Turned out very good man!


----------



## brutalwizard (Oct 2, 2012)

Looks super neat man.


----------



## Bloody_Inferno (Oct 2, 2012)

Very nice!


----------



## Michael T (Oct 2, 2012)

GiantBaba said:


> Very nice. Is that a Perle body?



Yes sir, contacted Nate about getting one without any of the holes predrilled for pots & such and 3 weeks later I had a fresh off the press Iceman.

Nate is excellent to deal with, great communication and quality product.


----------



## that short guy (Oct 2, 2012)

Fuck you dude!!!!

Congrats that thing is amazing.


----------



## Adam Of Angels (Oct 2, 2012)

That is lovely, man - it came together perfectly.


----------



## Cappleton23 (Oct 2, 2012)

definitely the most awesome iceman I've ever seen. props dude


----------



## Don Vito (Oct 2, 2012)

Thread title a reference to this??


----------



## kamello (Oct 2, 2012)

Ibanez srsly needs to start producing a good quality 7string Iceman


dude, this is sick!


----------



## ASoC (Oct 3, 2012)

kennedyblake said:


> Thread title a reference to this??




Actually, "The Iceman Cometh" is a play from the 1940s


----------



## Heroin (Oct 3, 2012)

..........................?.....................?.................?!?!?!!?!??!!?!?!?!!??!?!?!?!?!...!!!!!!!!    

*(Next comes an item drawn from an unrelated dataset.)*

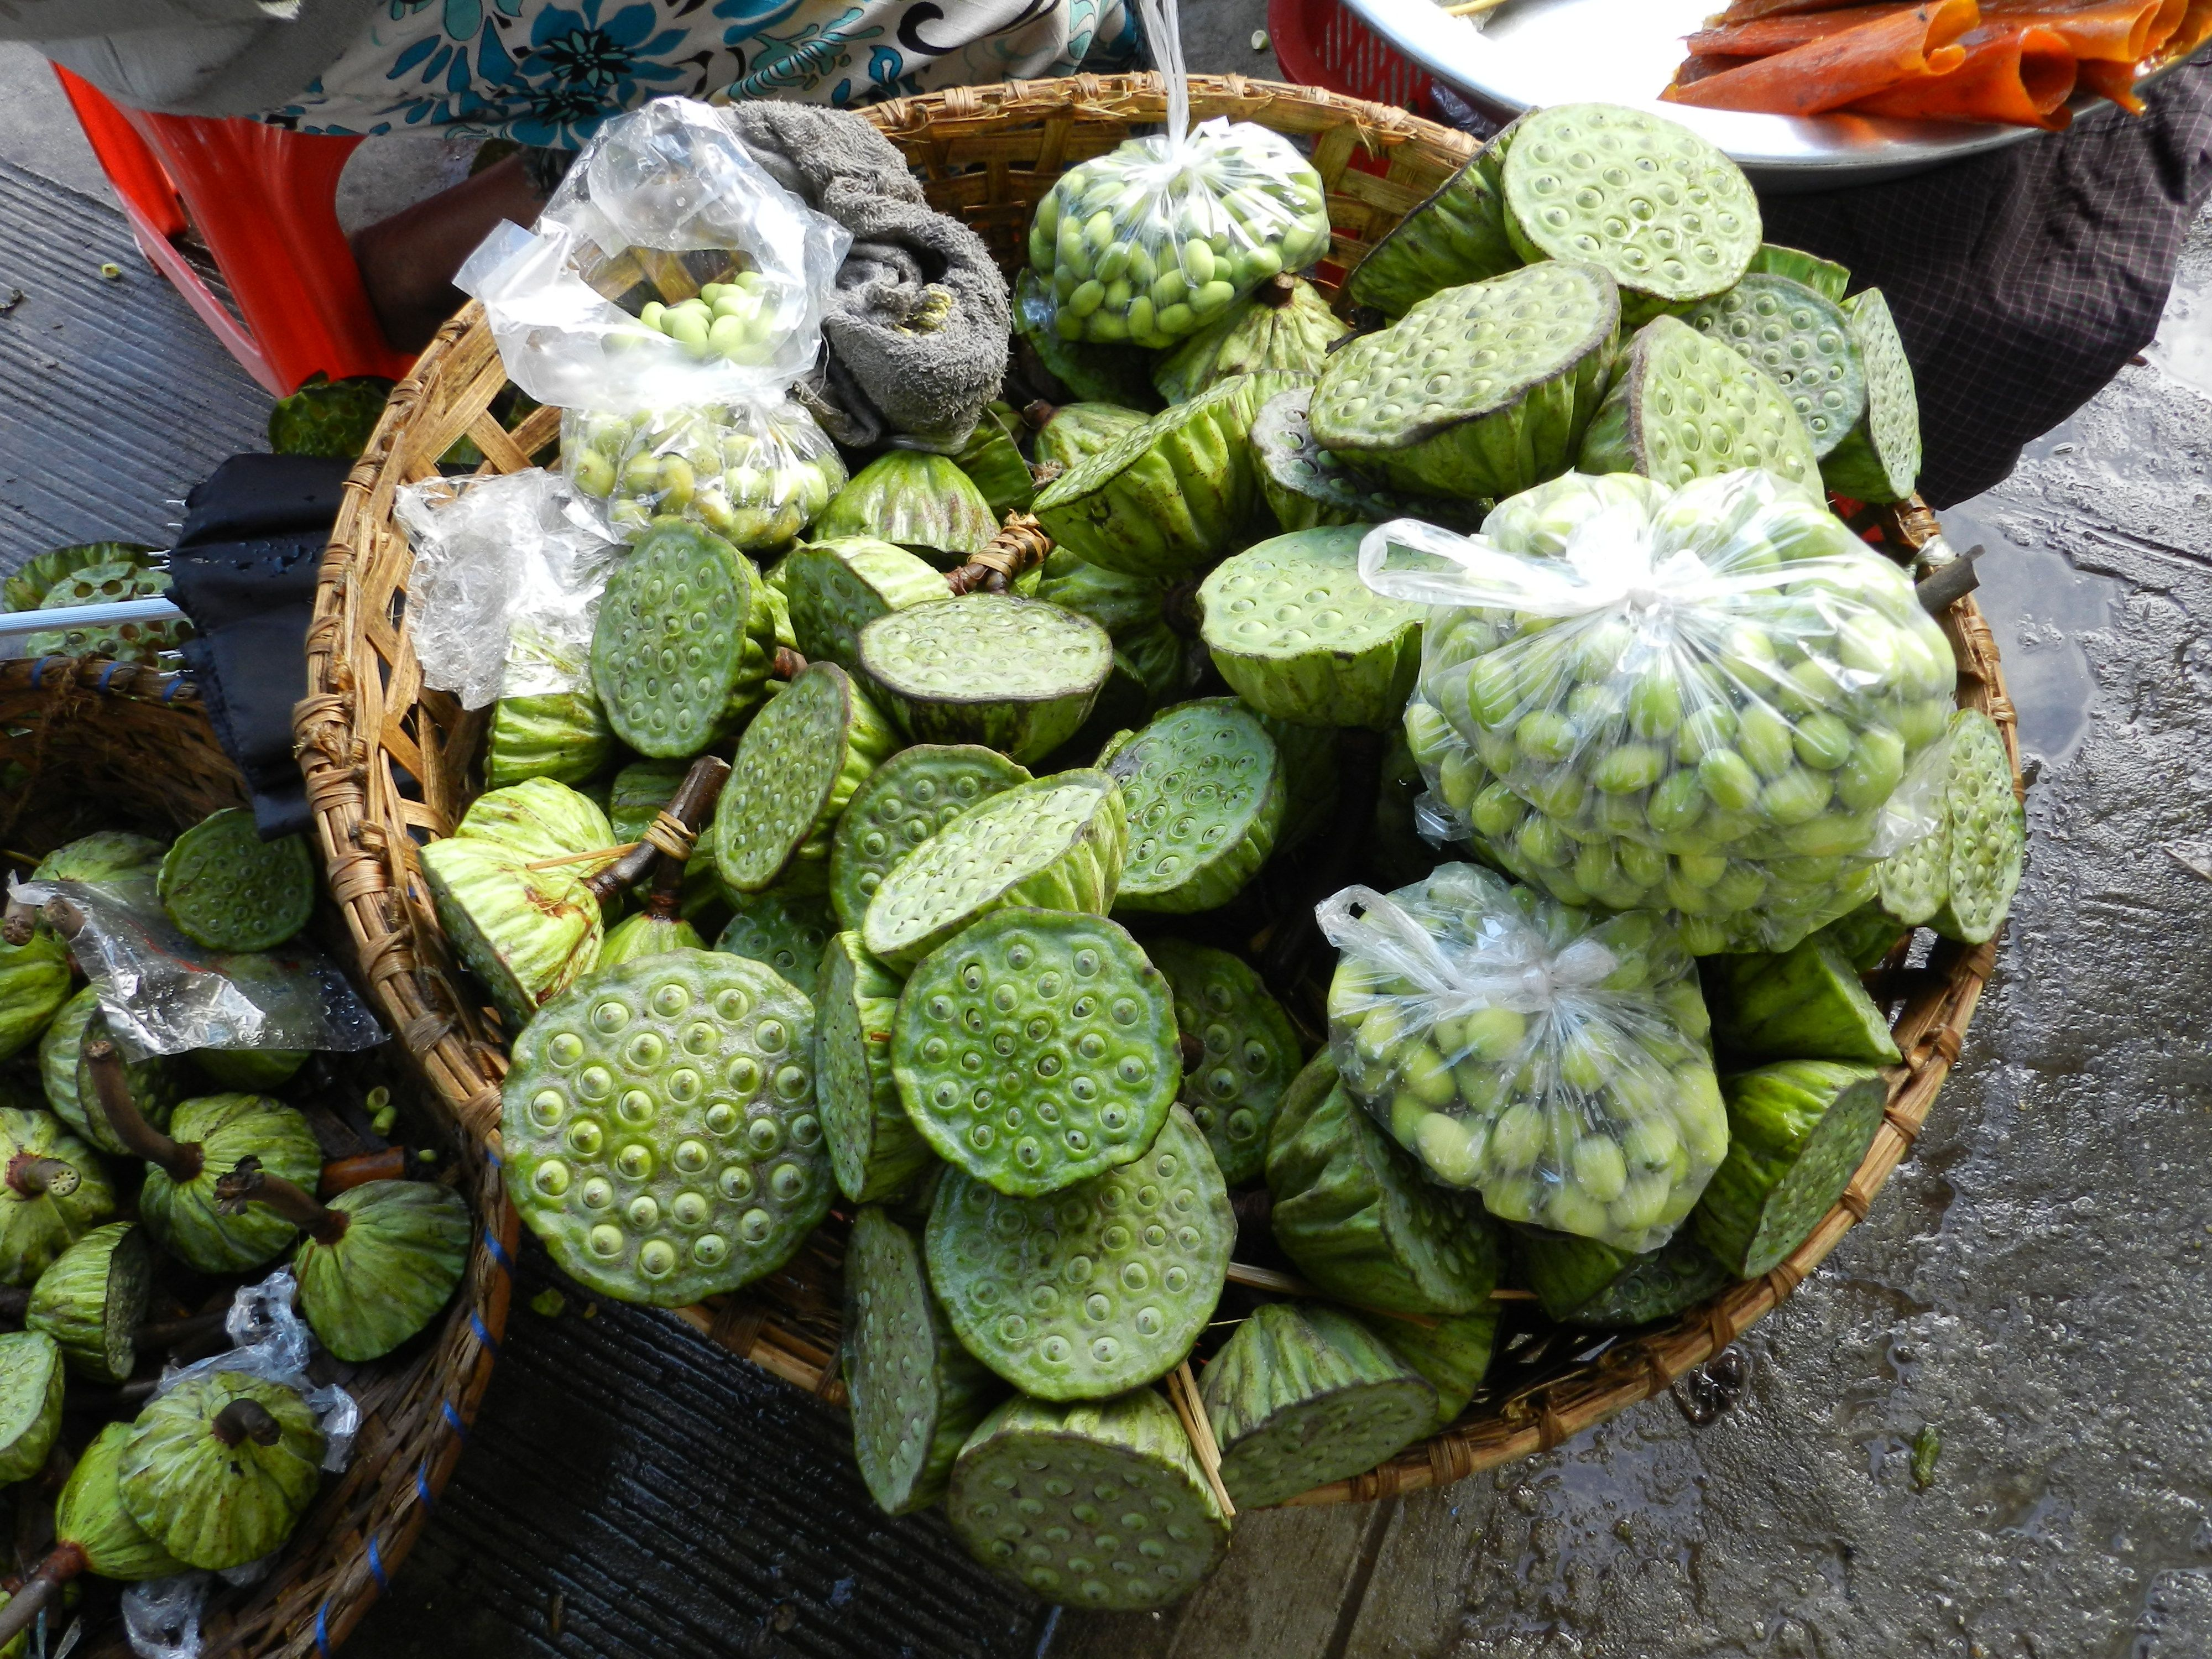 Street food in Yangon Myanmar Rangoon Burma My photo from a

edit: I seriously can't get over how beautiful your guitar is, I had to make it my facebook photo cover hahahah. the guitar is unbelievably classy yet metal at the same time, love it.


----------



## Lagtastic (Oct 3, 2012)

Oh hell yes!


----------



## nsimonsen (Oct 3, 2012)

This thing is amazing, looks so good.

I seriously back that Ibanez need to do a production model 7-String Iceman, that shit would be amazing.


----------



## BlackMastodon (Oct 3, 2012)

Those bevels on the horn look godly. Awesome looking guitar. Also +1 for making me reminisce about Bioshock with the title.


----------



## jwade (Oct 3, 2012)

I absolutely love that. There is only one guitar I've waited for longer than the Iceman to be announced as a 7, and that's a Gibson SG. 

Congrats on having one of the most kickass guitars I've ever seen. 

If you ever want to sell that&#8230;


----------



## Spaceman_Spiff (Oct 3, 2012)

Damn guitar, you sexy.

Well done man.

Well done.


----------



## DoomJazz (Oct 3, 2012)

How much? Check will be in the mail as soon as number is posted


----------



## HOKENSTYFE (Oct 3, 2012)

All of the above. Absolutely amazing.

I can't help but think, you should of made some custom pickup covers for that. Pale Moon Ebony or some lighter shade mahogany.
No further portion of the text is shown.